SUPPLIED MATERIAL:
■ ■ ■ ■ ■ ■ ■

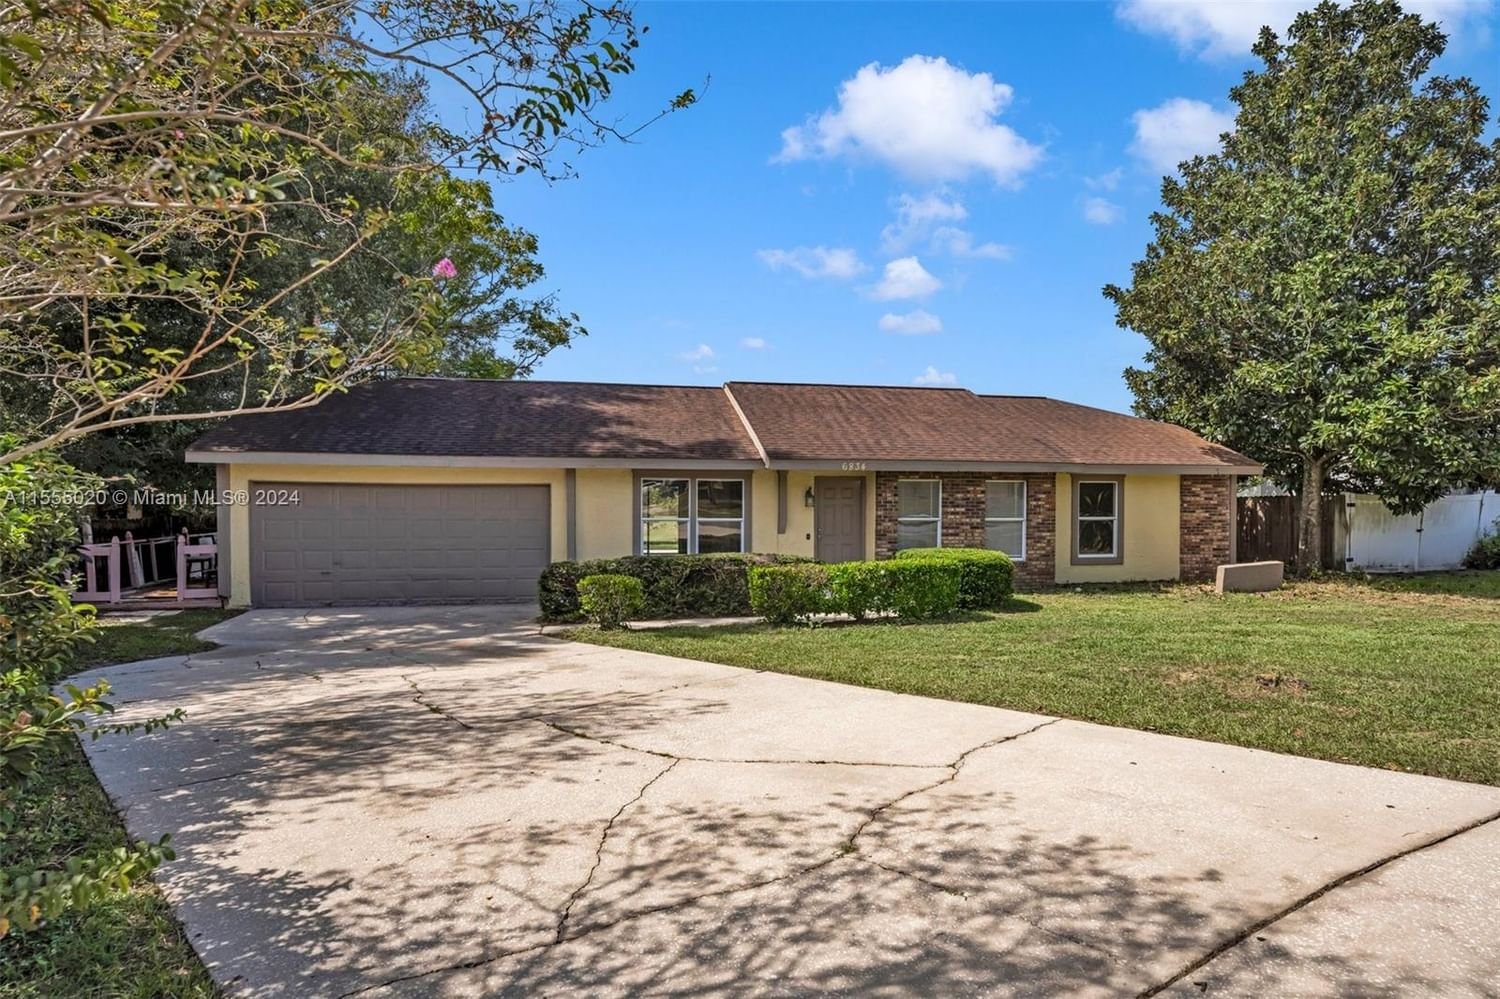 Real estate property located at 6834 Merganser Dr., Orange County, Willow Creek Phase 3, Orlando, FL
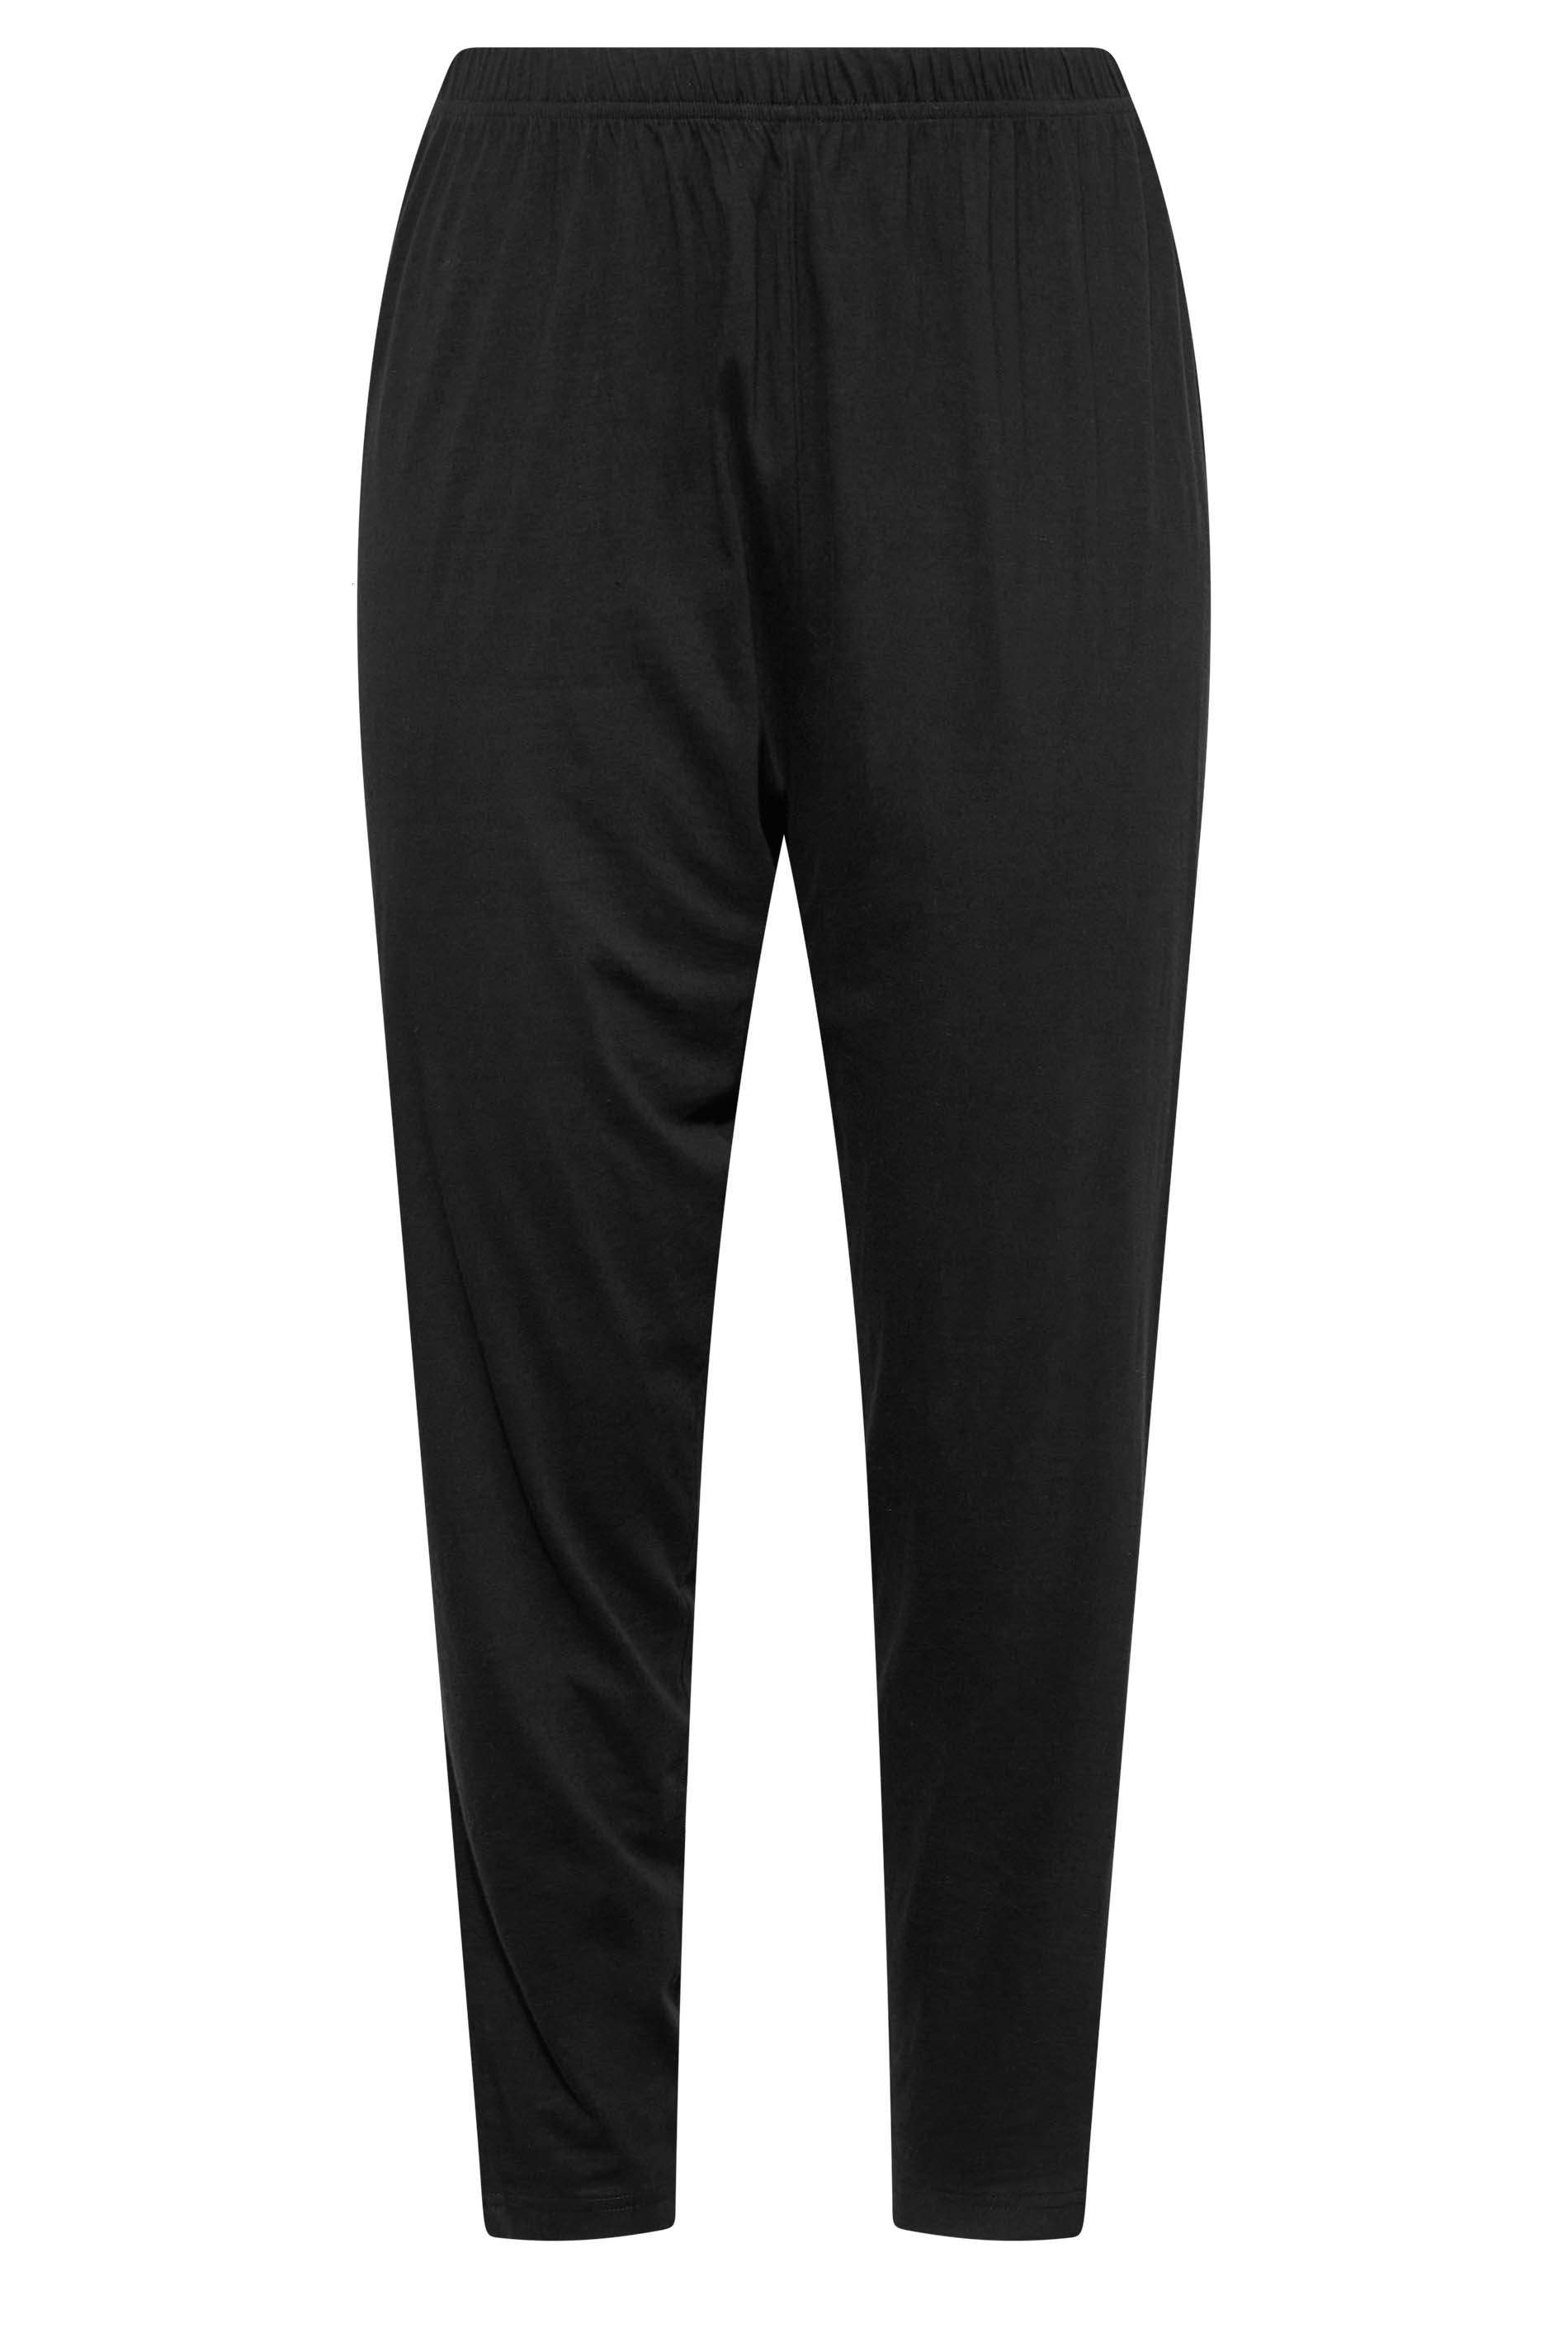 Plus Size Black Tapered Pyjama Bottoms | Yours Clothing
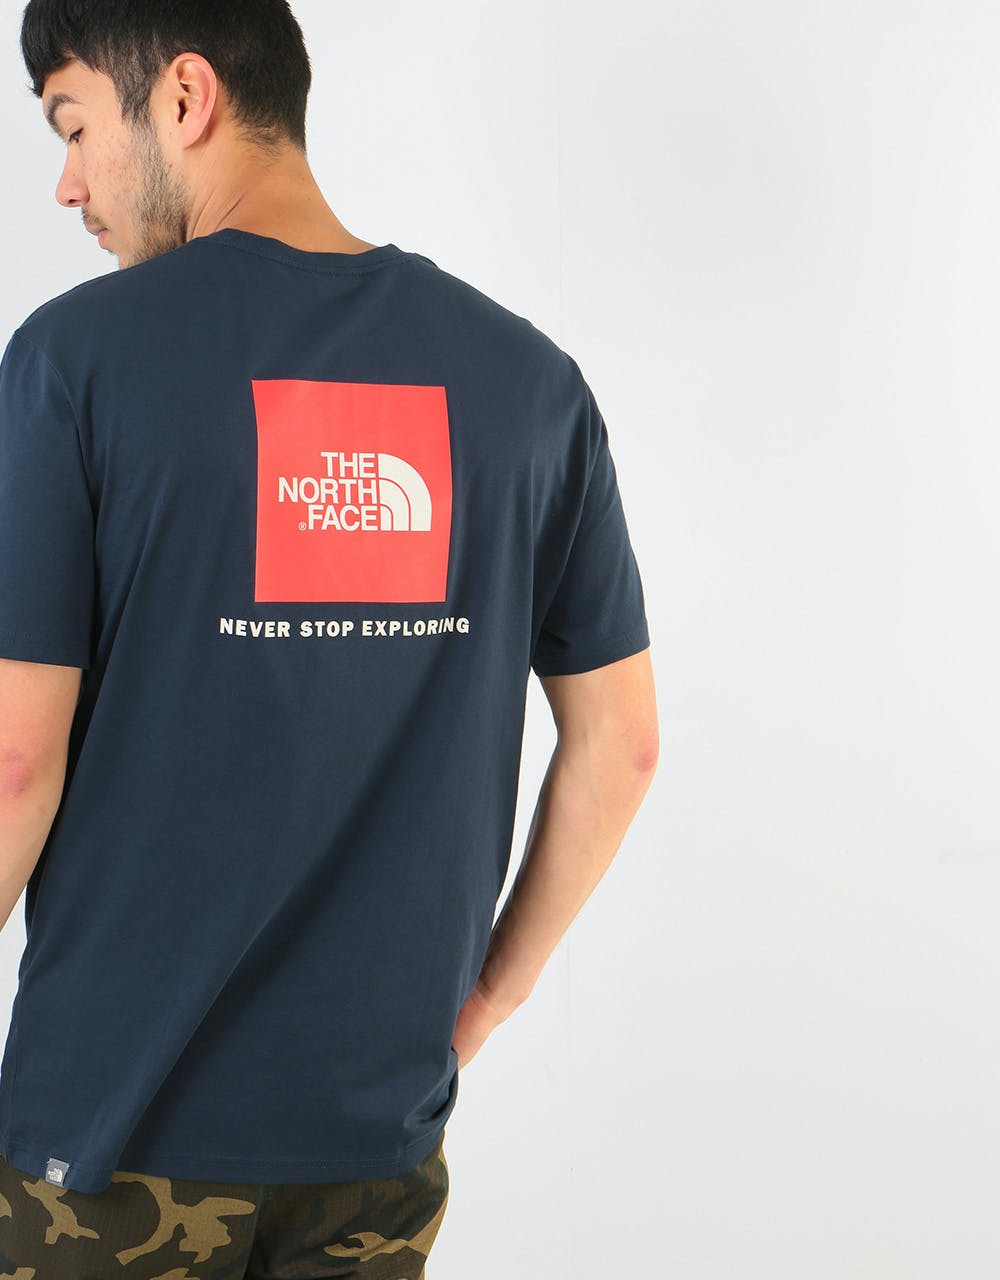 The North Face S/S Red Box T-Shirt - Urban Navy/Fiery Red
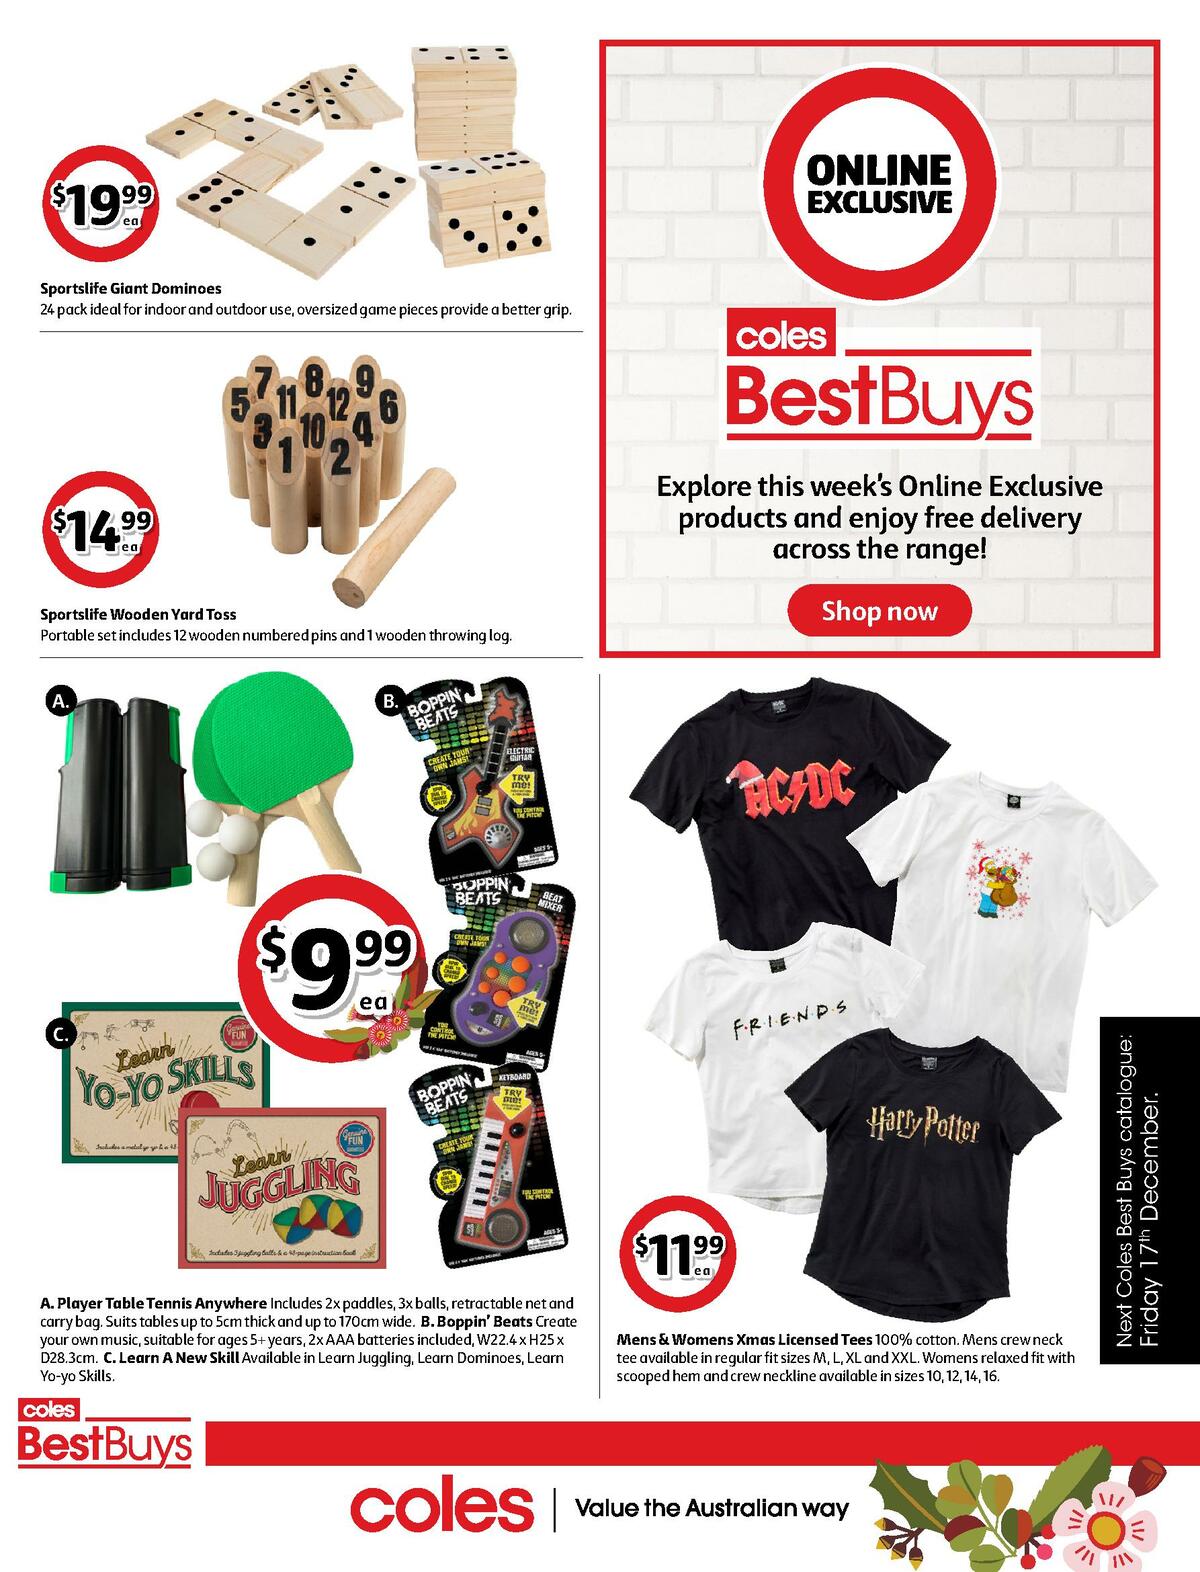 Coles Best Buys - Stocking Stuffers Catalogues from 10 December

■ ■ ■ ■ ■ ■ ■

Your reply should hold only the lines running from the one with "Plus Size Black" to the end of the data above, set down exactly, pictures omitted.

 Plus Size Black Tapered Pyjama Bottoms | Yours Clothing
 The North Face S/S Red Box T-Shirt - Urban Navy/Fiery Red
 Coles Best Buys - Stocking Stuffers Catalogues from 10 December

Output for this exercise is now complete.